Anthony Joseph on Cybersecurity and Latency

June 09, 2022

C3.ai DTI sat down with Anthony Joseph, Chancellor’s Professor of Electrical and Computer Engineering at UC Berkeley, a cybersecurity expert and new DTI awardee to ask him more about his project, “Scalable, Secure Machine Learning in the Presence of Adversaries.” See a clip of the interview here.

DTI: Tell us about your cybersecurity project.
AJ: We develop applications around secure machine learning – machine learning in the presence of adversaries – where you’re trying to make a security-sensitive decision. So those adversaries, or “bad actors,” are trying to influence or manipulate the outcomes of that decision-making. Some examples are spam filtering, malware detection, financial fraud detection, and so on. We’ve developed these algorithms, and now the challenge is: how do we deploy those algorithms in environments where we care about latency, the time it takes to make that decision?

DTI: Not the cloud?
Traditionally, we might think of deploying these algorithms in the cloud, however, the cloud can be relatively far from the edge of the network, where that actual decision is needed. In the case of robotics, where we’re doing path-planning, we need to make that decision very quickly. Because, say, we’ve got a moving robot arm, and the tens of milliseconds it takes to go to the cloud is far too long.

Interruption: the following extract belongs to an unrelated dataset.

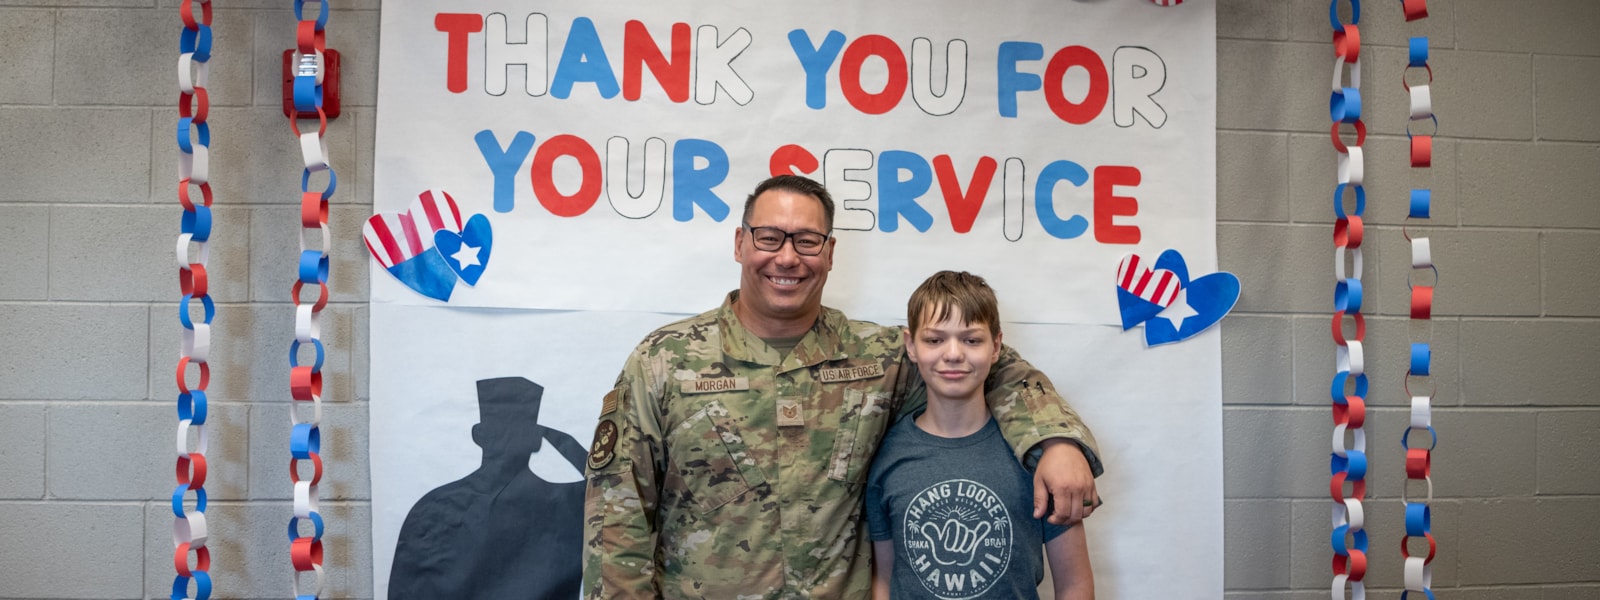 Thank you for your service and a pic of a boy and his dad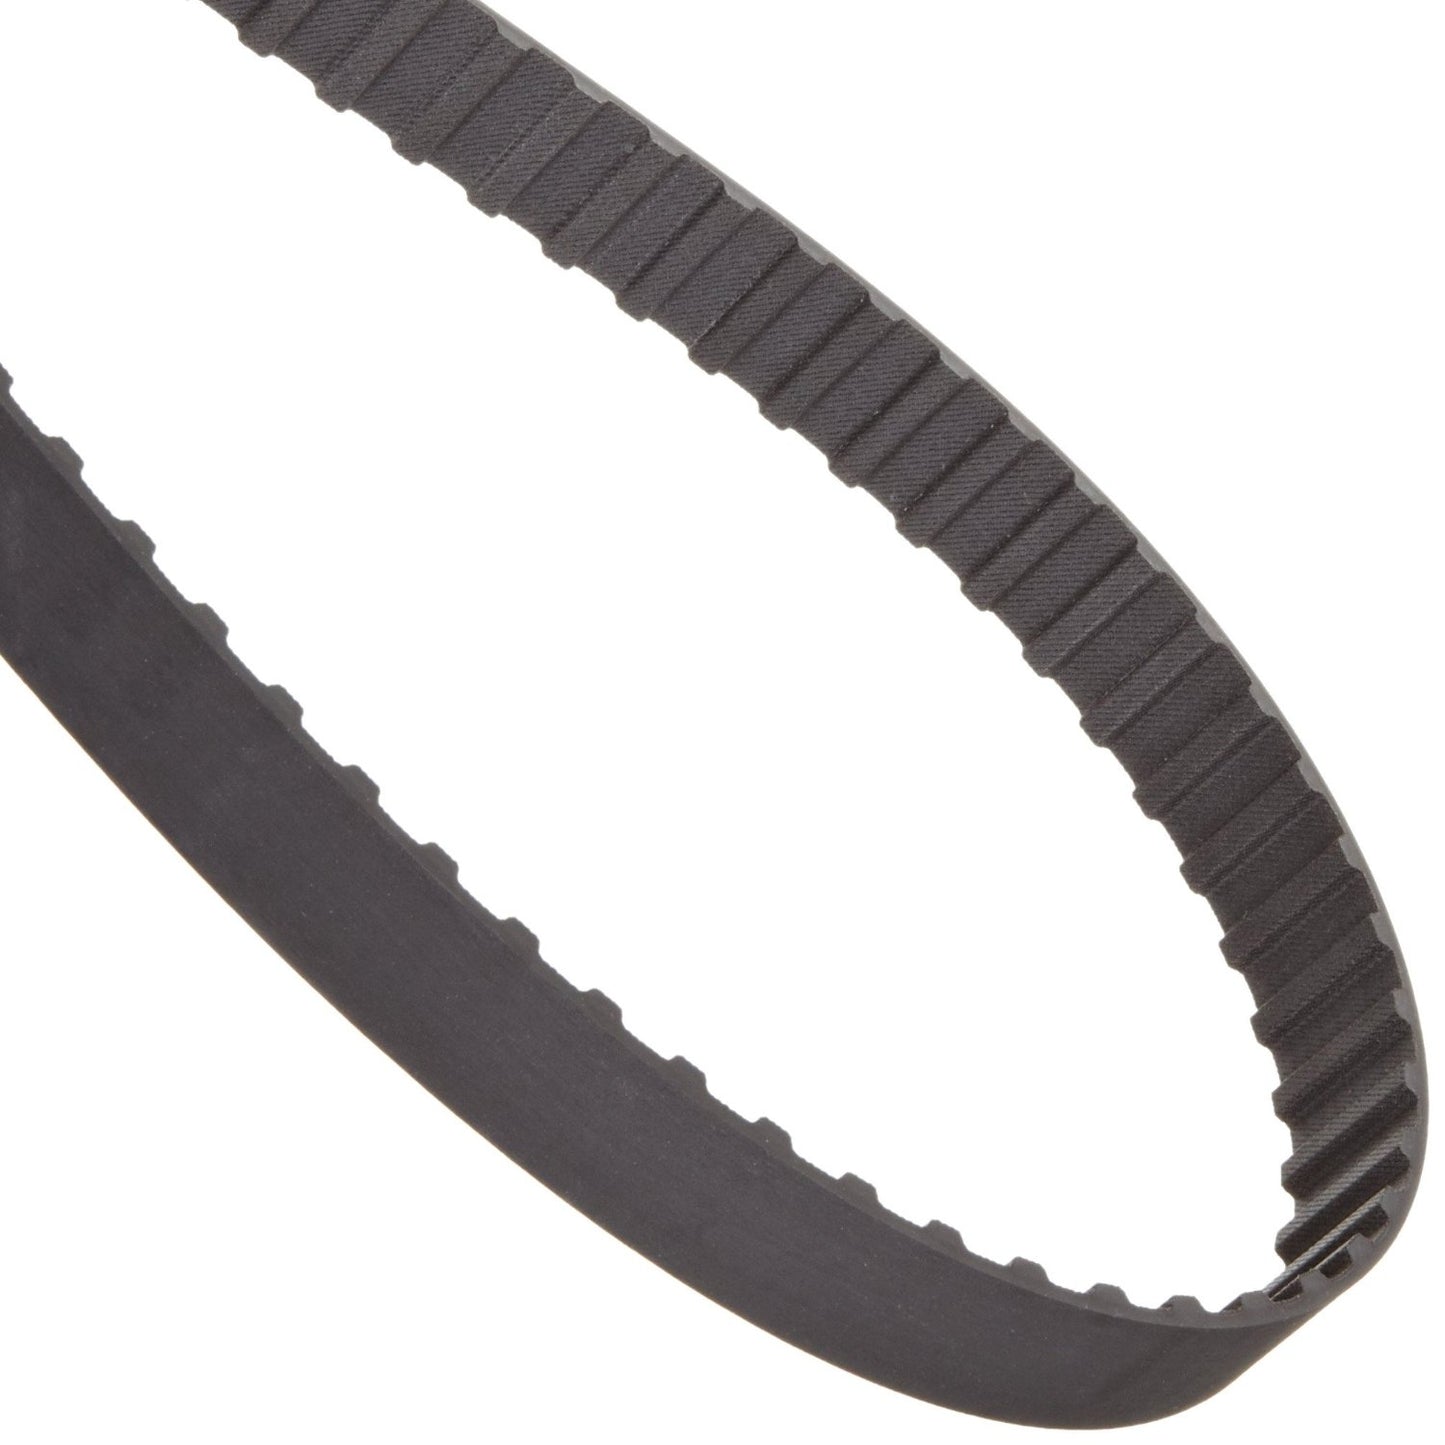 Replacement Toothed Drive Belt for TRADESMAN Band Saw Model 8166

DTI: What are the alternatives?
So we deploy our algorithms at the edge, in these edge devices, but those are accessible to users. Now we’re talking about algorithms that may have taken millions or tens of millions of dollars to develop, along with the associated models and parameters, and we’re putting it out at the edge – how do we protect that code, those model parameters, and that data from adversarial manipulation… or just simply being able to look at it?

DTI: What results are you hoping for?
We’re really excited to be working with the C3 AI Suite and Azure’s Confidential Computing, which would allow us to secure the code, the data, and so on. What we learn from being able to securely deploy our algorithms at the edge or in the Cloud would enable us to learn how we would deploy in practice. When somebody has their own hardware, how would we actually deploy on that hardware in a way that protects the privacy of the model and the integrity of the model, and the data that the company may be pushing out?

DTI: What applications do you envision?
The work that we’re developing is really applicable to a broad range of areas. We’re starting with path-planning for robotics, very latency-sensitive. As an example, if you have network intrusion detection, that is typically done locally – again, private data, the company’s network data, you don’t want that to leave its premises. So instead, you’d like to take the algorithms that have been developed and do that anomaly detection and push them out to the edge.